Configure Cortex AI Guardrails

You can configure Cortex AI Guardrails at the account level using the AI_SETTINGS parameter. This provides centralized control over guardrail behavior for Cortex Code in your account. Users with the ACCOUNTADMIN role can configure Cortex AI Guardrails.

Enable guardrails

To enable Cortex AI Guardrails for your account, use the ALTER ACCOUNT command with the AI_SETTINGS parameter:

ALTER ACCOUNT SET AI_SETTINGS = $$
  guardrails:
    advanced_prompt_injection:
      - enabled: true
$$;

View guardrail settings

To view the current guardrail configuration for your account:

SHOW PARAMETERS LIKE 'AI_SETTINGS' IN ACCOUNT;

Disable guardrails

To disable Cortex AI Guardrails:

ALTER ACCOUNT UNSET AI_SETTINGS;

Monitor guardrail activity

When Cortex AI Guardrails detect a potential threat, the event is logged for audit and monitoring purposes. For Cortex Code, you can review detected threats in the conversation logs.

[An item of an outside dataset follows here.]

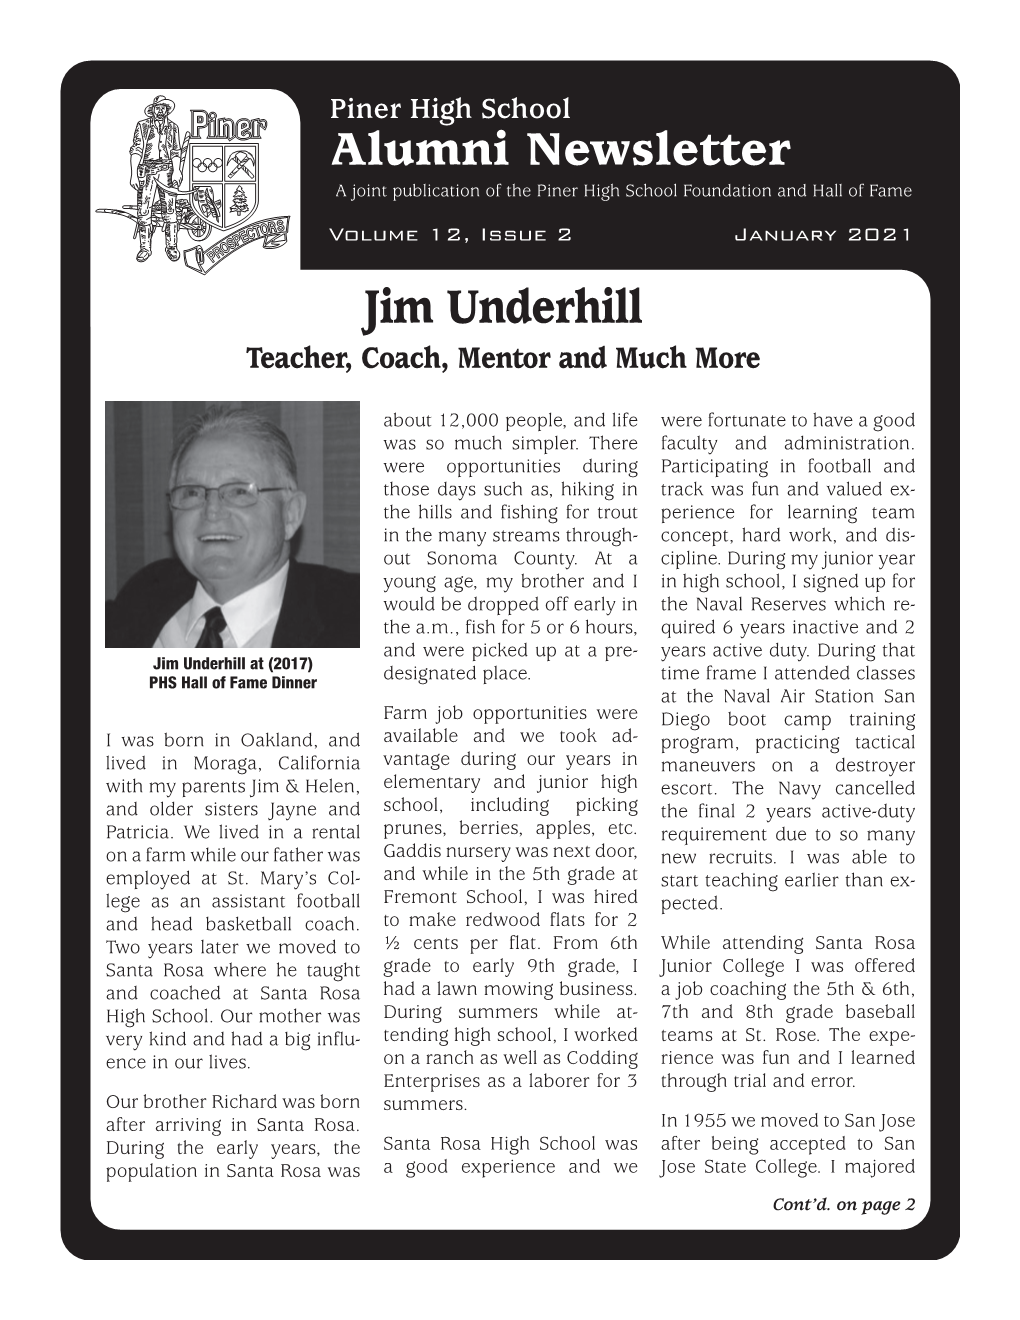 January 2021 Jim Underhill Teacher, Coach, Mentor and Much More

For more information about managing conversation history, see conversation history.

Use these logs to:

  • Monitor for attempted attacks against your AI workloads

  • Identify patterns in blocked or flagged requests

  • Audit guardrail effectiveness

Considerations

  • While Cortex AI Guardrails are optimized for high accuracy, some legitimate prompts may occasionally be flagged. Review your guardrail logs periodically to identify any patterns.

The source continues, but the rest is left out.